Personal loan rates have been on the rise since early 2006, however in recent months rates for loans of over £5,000 have become more competitive with the average top 10 rates at 10.46 per cent, compared to 10.68 per cent at the beginning of the year. However the same cannot be said for loans less than £5,000 as rates continue to increase. Borrowers are now paying up to 135 per cent more for their loan compared to four years ago.
It is now more cost efficient for borrowers to consider increasing the sum they wish to borrow; a borrower looking at £4,500 over five years would pay back £1,643 in interest from the current best buy provider, however increasing this amount to £5,000 over the same term, a borrower would pay back just £1,150, - saving £493 in interest plus they would have an additional £500 to spend for the same monthly repayments.
Tim Moss, head of loans and debt at moneysupermarket.com said: "The credit crunch has really impacted borrowers who are looking for smaller loans.
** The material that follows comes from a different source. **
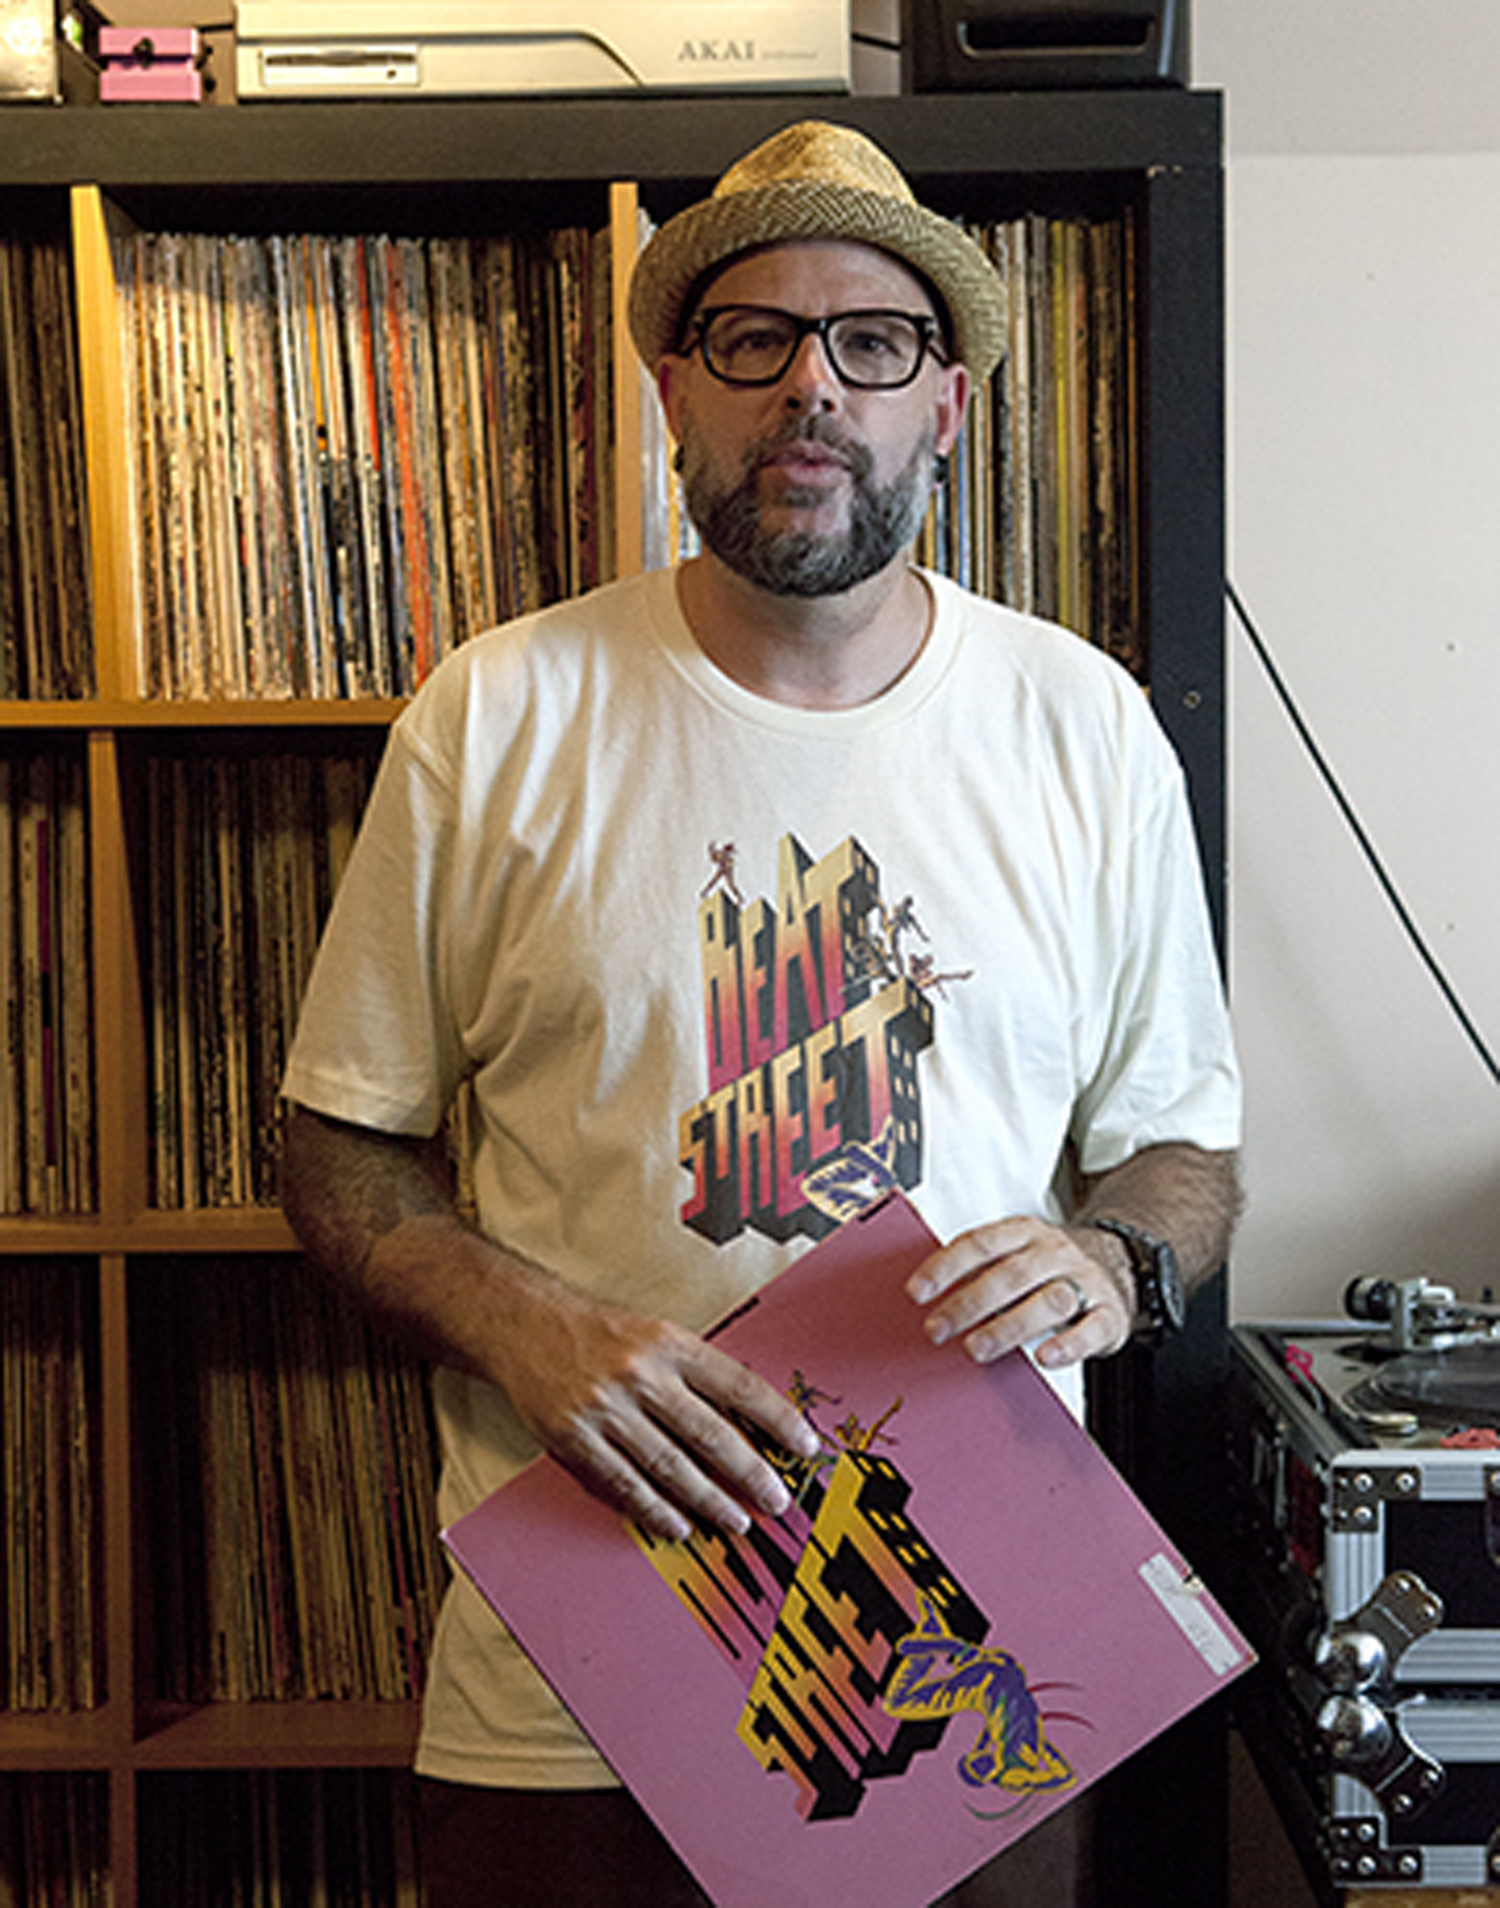 Jamison Harvey a.k.a. DJ Prestige

Not only is it more difficult to get a loan, with many lenders tightening their approval criteria, those that do manage to get one will undoubtedly pay through the nose. Previously lenders kept their rates consistent with the Bank of England Base Rate, but since it dropped to a record low, banks have used this as an excuse to release the reins and increase the cost of lending massively.
"If you are financially stretched and in need of a loan, now is the time to play the banks at their own game and really use current provider rates to your advantage. By borrowing a bit more you can actually save yourself money without increasing the term or monthly repayments, which shows just how much the market has changed. As with all products it is vital to shop around to make sure you get the best deal and don't be tempted to borrow more than you can really afford to pay back."